Of course, none of this justifies the level of callousness and even disgust that is often displayed towards the unfortunate. Homeless people are a case in point. It’s often assumed that they’re either crazy or lazy, if not both. Granted, there is a certain kernel of truth to these stereotypes, as with any: certainly, most homeless people, as far as we can tell, suffer from some sort of mental illness or another. And there are always going to be people who suffer misfortune due to their own neglect and irresponsibility. But to look down on all destitute people as vagrants, drug addicts, and wackos is not only a display of lazy, ignorant thinking; it dehumanizes an entire class of people who are every bit the same as us as we “better off” folks are to each other.

Regardless of which narrative you prescribe to, homeless people and other itinerants are pretty much ignored in most societies  (indeed, even in countries where people are predominately poor, you find vast amounts of segregation based on class and income, creating a virtual state within a state in some extreme cases). We go about our everyday lives not consciously aware of them, and even upon a chance encounter with one, we do our best to look away or not really acknowledge their existence. I know there are reasons for this beyond mere callousness, but it still fascinates me nonetheless.

Thankfully, I’m not the only one who is curious about all this. A photographer  form the UK named Lee Jefferies has pretty much made a career out of depicting the rawness and depth of the homeless, giving them an intense level of humanity through detailed black-and-white portraits. Most of those pictured are from his native Britain, as well as continental Europe and the US. They all display striking character in their expression and features. Interestingly, many of them appear elderly or close to it.

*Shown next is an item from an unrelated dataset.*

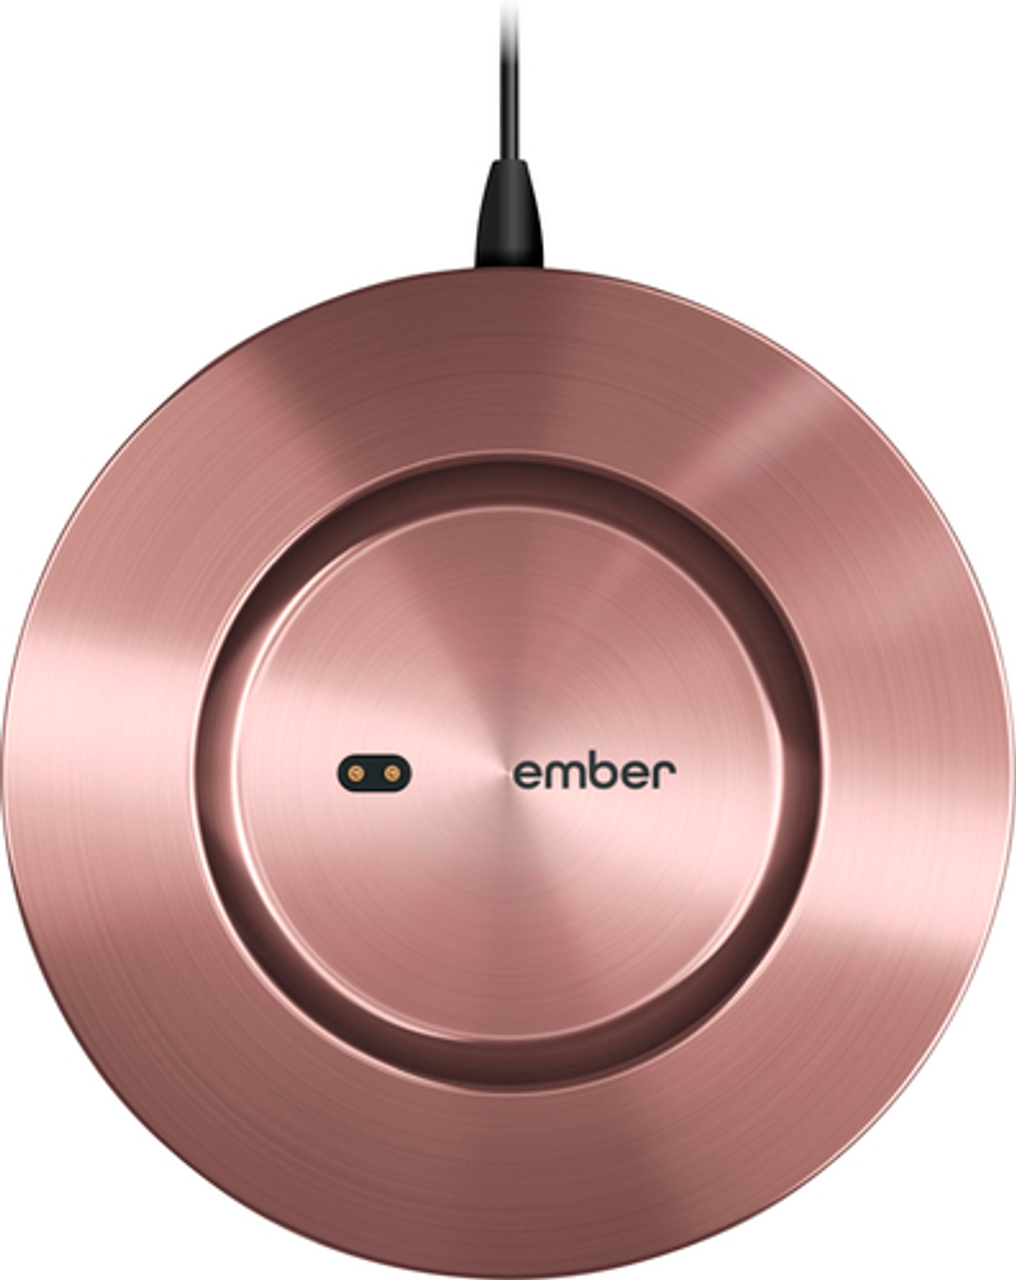 Ember - Mug² Charging Coaster - Rose Gold

A link to these images, twenty-five in total, can be found here, with many more available here. The collection is quite large, but the sheer diversity of subjects is captivating. If anyone is interested in looking at more of his excellent work besides that of the homeless, Jefferies  has over a hundred more photos of various other subjects in his Flickr account.

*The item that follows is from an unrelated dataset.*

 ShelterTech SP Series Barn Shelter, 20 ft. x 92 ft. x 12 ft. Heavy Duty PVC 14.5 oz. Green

Since I was a child, I’ve always been fascinated by homeless people. I grew up in a relatively well-off, middle-class family. I lived comfortably and satisfied, and the very idea of eking out an existence on the streets or in condemned housing seemed both unimaginably awful and remarkably inspiring. I thought about the lack of a warm bed, good food, personal amenities, and dignity. I thought of what it must be like to live in such a lonely, cold, dirty, and unhealthy environment, with everyone looking down on your or pitying you. You have to take your pick between being a subject of pity, often patronizing as it were, or outright contempt and hostility; you were either a poor, unfortunate wretch, or the scum of society. Either way, you existed in a different world that was shuttered away from most of the more fortunate.

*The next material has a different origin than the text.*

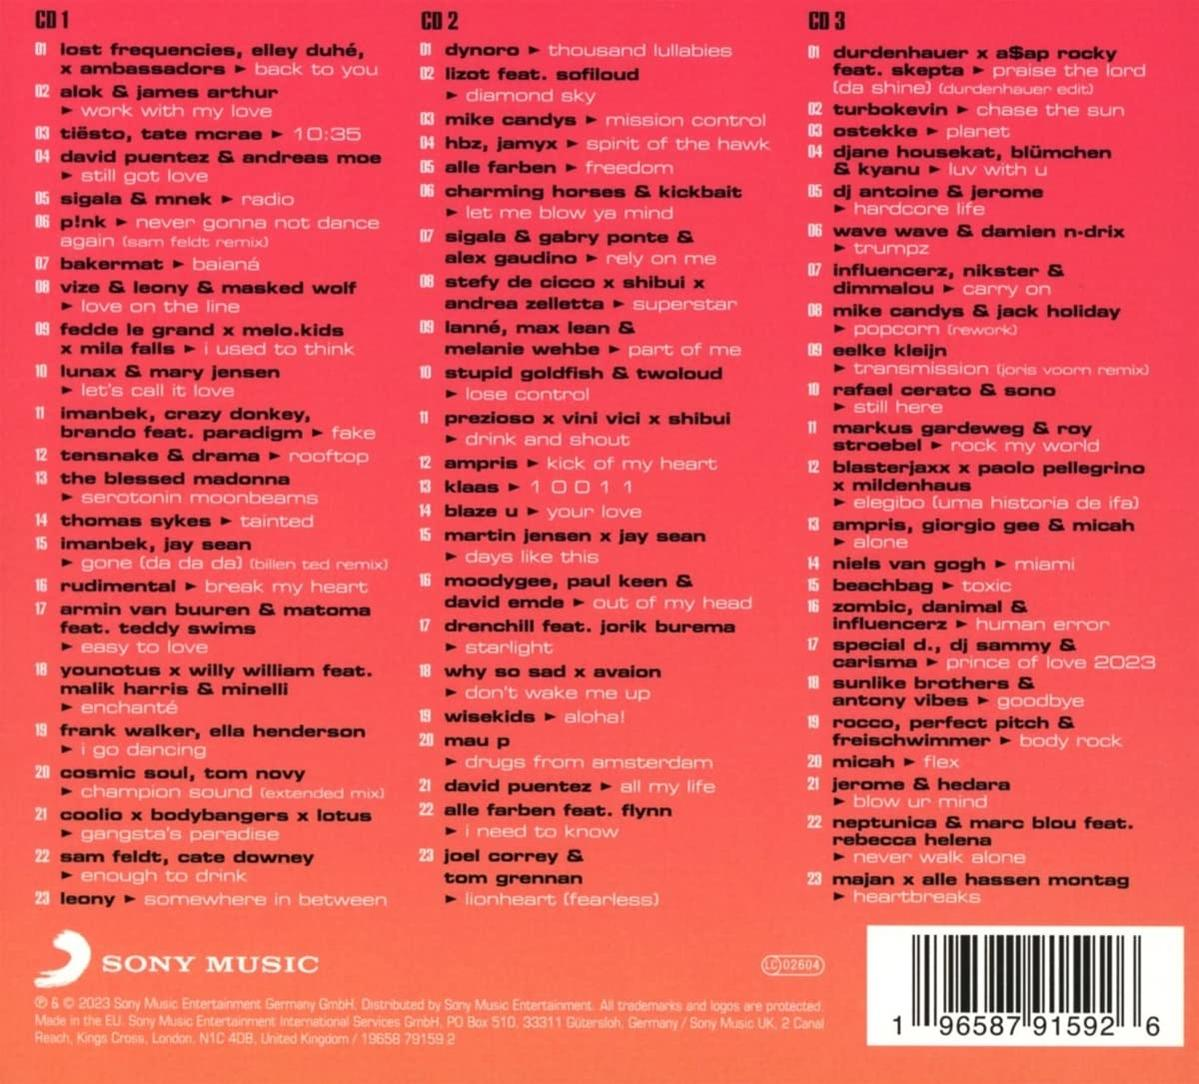 VARIOUS - Club Sounds Vol.101 (CD)

As usual, I’m sure I’m romanticizing all this far more than I should. Reality is usually far more stark and straightforward. But I don’t care. It’s these victims of misfortune and cruel chance that remind me how luck I am to be sitting in the comfort of my room, surrounded by my nice things, writing about them. It’s their plight that has committed me to doing everything I can to make sure as many of them – if even just one of them – can be brought out of such misery and given a chance as possible. Few people deserve such a fate, and fewer still should be forgotten just because it’s befallen them. Anyone of us has as much chance as being in these photos as we do looking at them through our personal computers.

Many thanks to my good friend Mike for introducing me to these pics and, as always, spurring some deep reflections.